Section 253 of the Income-tax Act, 1961 — Direct stay application filed before Tribunal is maintainable and it is not a requirement of law that assessee should necessarily approach Commissioner before approaching Tribunal for grant of stay.
The Tribunal dismissed the objections raised by the Revenue. The Tribunal noted as under:
(1) The Act has conferred certain powers on the Income Tax authorities for discharging and 158 (2012) 44-A BCAJ 9 10 one such power relates to matters of stay of the demand. The assessee filed the stay application before the Assessing Officer, but the Assessing Officer did not take any action, be it a case of rejection or otherwise. The same is the fate of application lying with the Additional Commissioner.
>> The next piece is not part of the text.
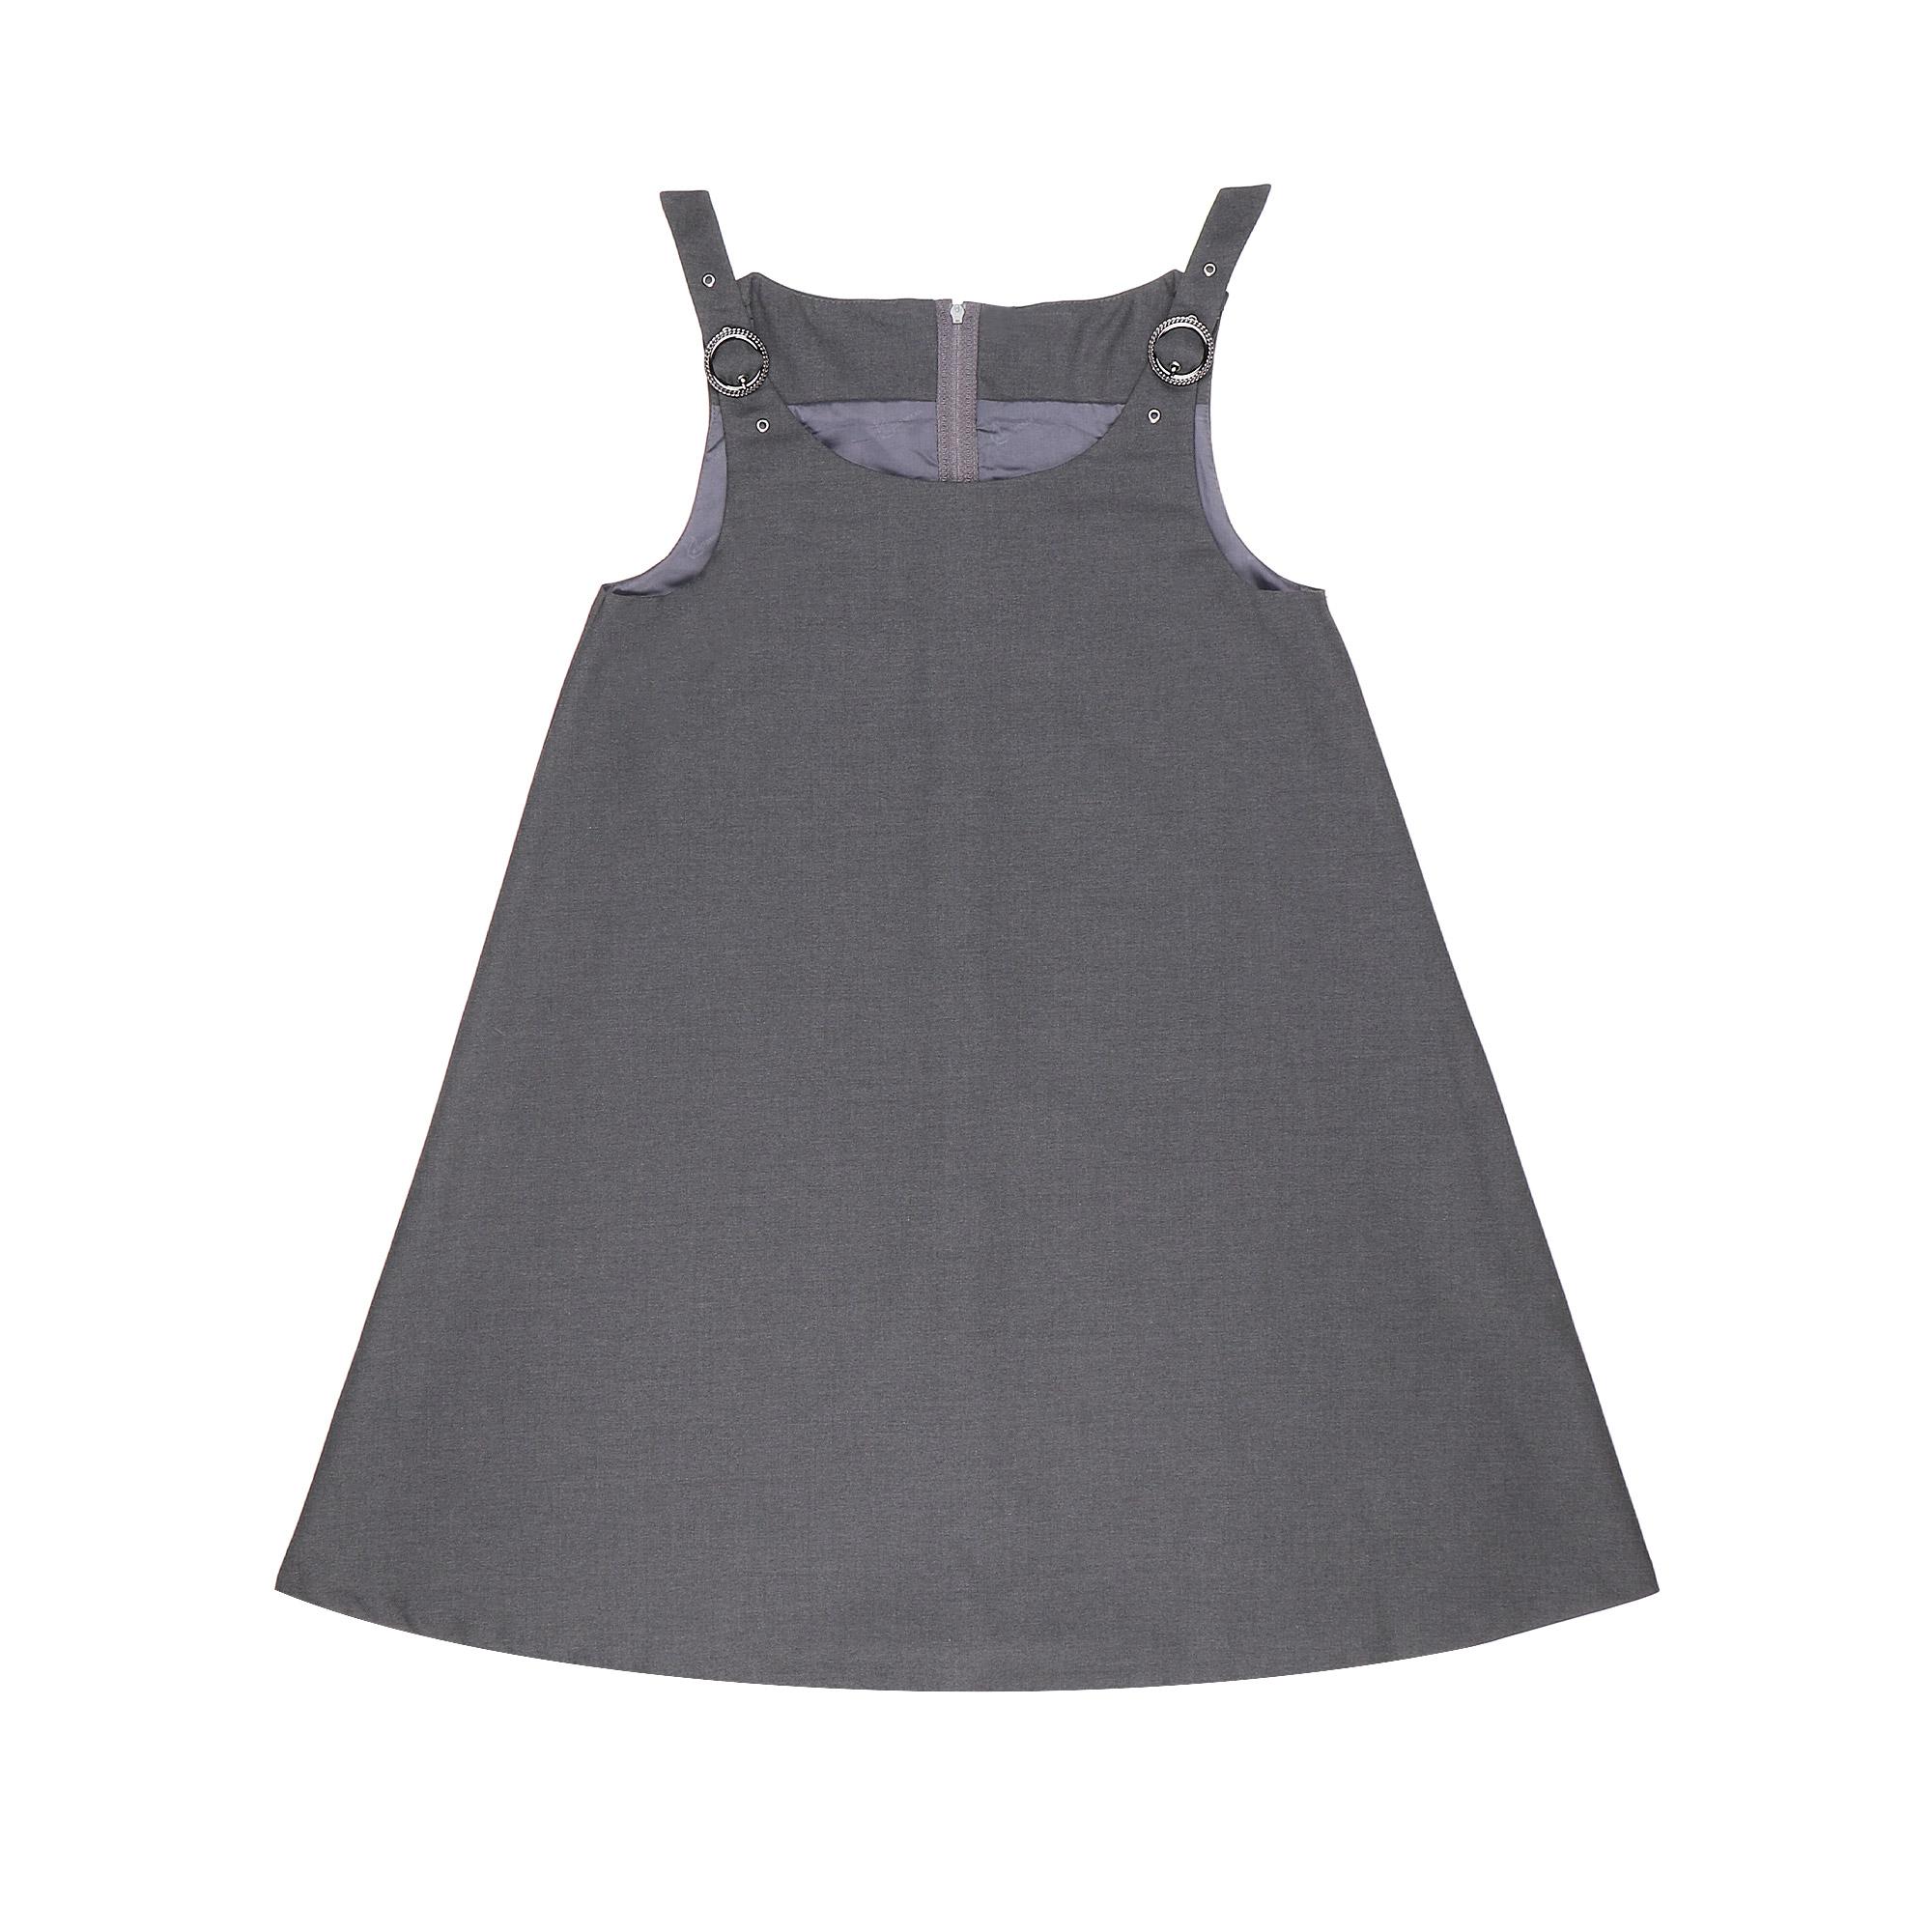 Купить Сарафан школьный КАРАМЕЛЛИ О74177 серый 134, Серый, Для девочек, Всесезонный,

The Commissioner merely passed on the responsibility to his deputies instead of either staying the demand or rejecting the request for stay of the same or otherwise.
(2) While there is inaction on part of the Revenue on the applications for stay, the assessee is busy in making application for stay of demand from time to time fearing ultimate coercive action by the AO and its likely adverse effects on the business operations of the assessee.
(3) Regarding the DSA by the assessee before the Tribunal, the decisions of the Tribunal are in favour of the assessee for the proposition that it is not necessary that the assessee should necessarily approach the Commissioner of Income-tax before approaching the Tribunal for grant of stay.
(4) Therefore, DSA filed before the Tribunal is maintainable and it is not the requirement of law that the assessee should necessarily approach the Commissioner before approaching the Tribunal for grant of stay.
(5) It does not make any difference whether the assessee filed any application before the Revenue and not awaited their decisions before filing application before the Tribunal or directly approached the Tribunal without even filing the applications before the Revenue authorities when there exists threat of coercive action by the Assessing Officer.